Pascal Mirindi, campaign coordinator for the Congolese coalition Notre Terre Sans Pétrole, questioned the coherence of promoting the corridor while offering overlapping oil blocks.

=== International Response ===

In August 2025, the European Union, which partly funds the corridor through the Global Gateway initiative, advised the DRC government against allowing oil drilling within it.
== Mining Concessions ==

In 2026 mining permits recorded in the Congolese mining cadastre overlap approximately 12.3 million hectares of the corridor, about 23% of its area, and that 3.4 million hectares of protected areas within the corridor are affected. This pressure is concentrated in the eastern part of the corridor, where mining activity was already widespread. Because oil blocks and mining permits overlap one another in places, the two shares are not additive.

Approximately 1 million hectares of formally recognised community forest lie within the corridor, and 63% of all community forests recognised across the DRC fall within blocks offered in the 2025 licensing round.
== Consultation and Indigenous Rights ==

Forest communities said they had not been consulted on the corridor. Kapupu Diwa Mutimanwa, president of the League of Indigenous Pygmy Associations of Congo, told Climate Home News: "We have not been consulted about this project." Greenpeace Africa said the project risked perpetuating neo-colonialism and had not respected the principle of community buy-in during planning.

Supporters point to the Virunga Alliance as a model that could be partly replicated, while civil-society representatives continue to press for inclusive and transparent implementation.
== Governance and Legal Concerns ==

Decree No. 25/01, signed on 15 January 2025 by Prime Minister Judith Suminwa, established the corridor and provides that its creation does not create, modify or extinguish any pre-existing right held by local communities or any other third party until zones have been allocated following a public inquiry. Because the category of third parties includes holders of oil, mining and forestry licences, the clause preserves existing extractive rights during the transitional period on the same footing as customary community rights, and that no timetable for the public inquiry had been published.

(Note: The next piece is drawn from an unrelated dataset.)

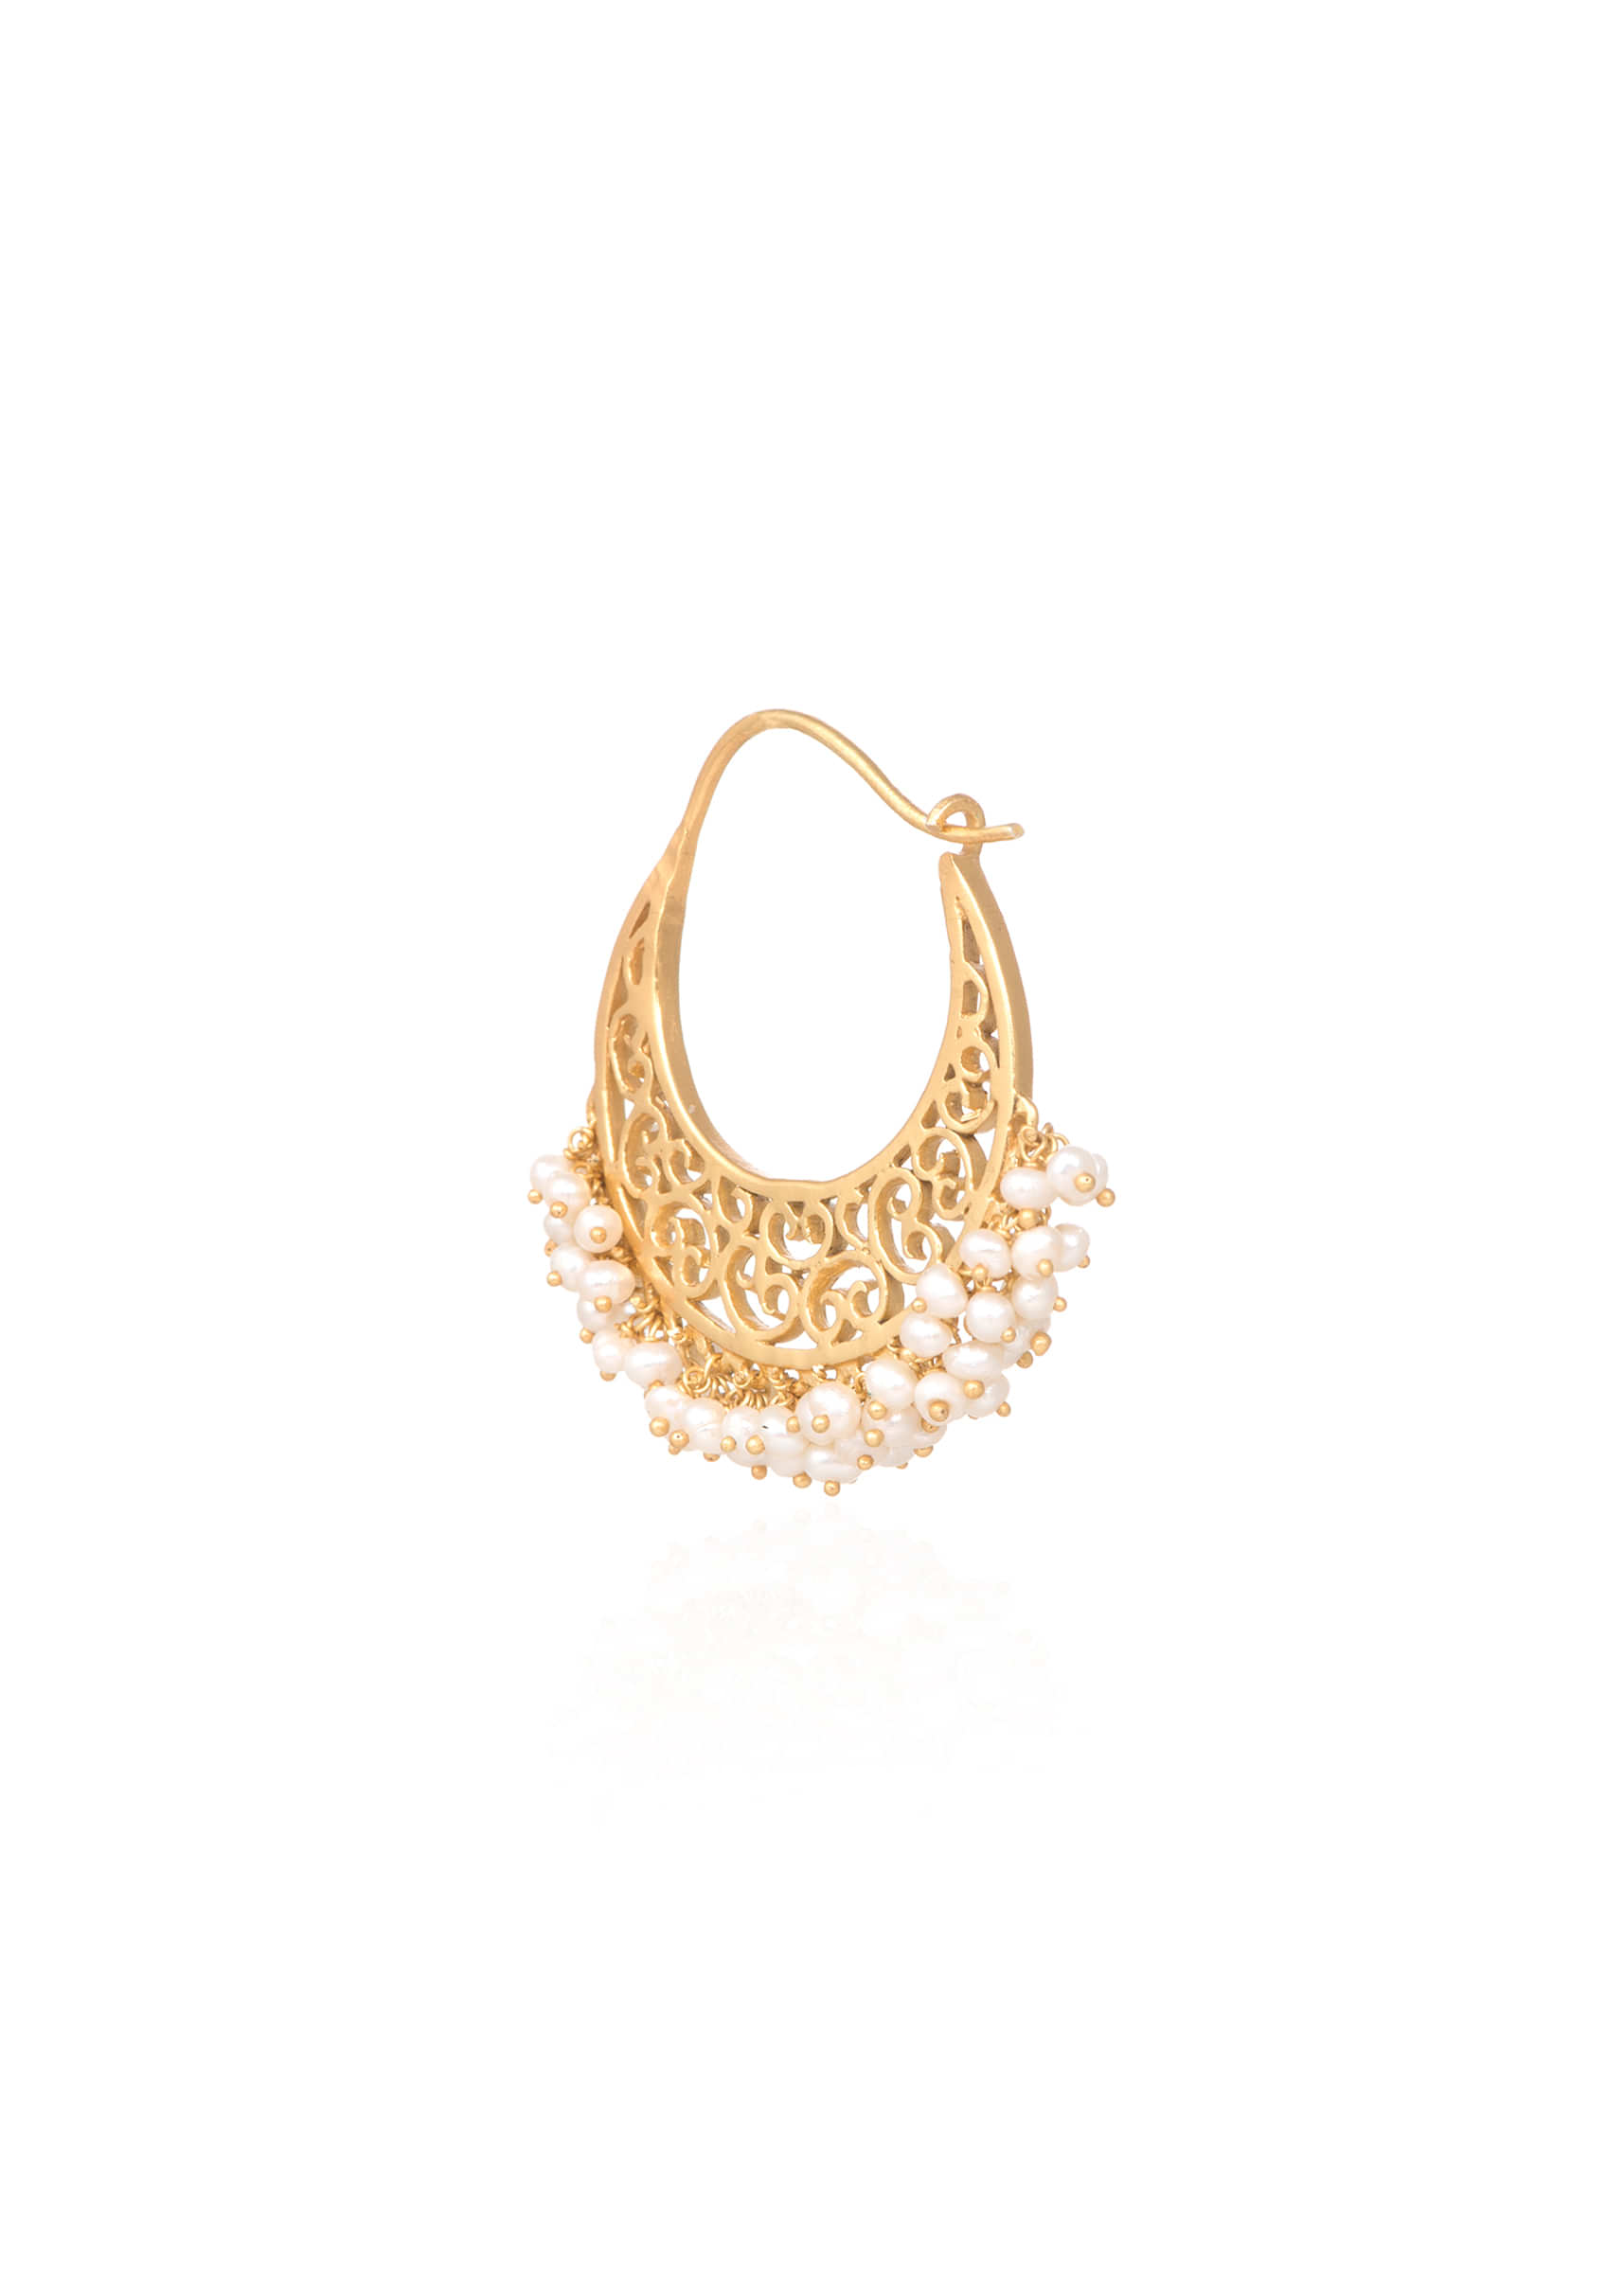 Gold Plated Hoop Earrings With Filigree Design And Pearls On The Edge By Zariin

Under the decree, operational management may be delegated to a public or private body or consortium selected on the basis of financial capacity and experience in conservation and sustainable development, under a public-private partnership, with local communities assigned a consultative role in preparing the management plan. Greenpeace Africa, Rainforest Foundation UK and other environmental groups have called for the application of free, prior and informed consent, citing obligations under Congolese law on the rights of Indigenous Pygmy peoples.
== Calls for a Moratorium ==

In a 2026 policy brief, Greenpeace Africa called for an immediate moratorium on new oil, gas and mining projects within the corridor and for it to be declared a no-go zone for extractive projects; for overlapping oil blocks to be cancelled; for the existing moratorium on new logging concessions to be maintained; for an investment exclusion list to be adopted and published; and for the full implementation of free, prior and informed consent. The Earth Insight report likewise recommended that the 2025 licensing round be cancelled and that donor financing be aligned with the DRC's biodiversity, rights and climate commitments.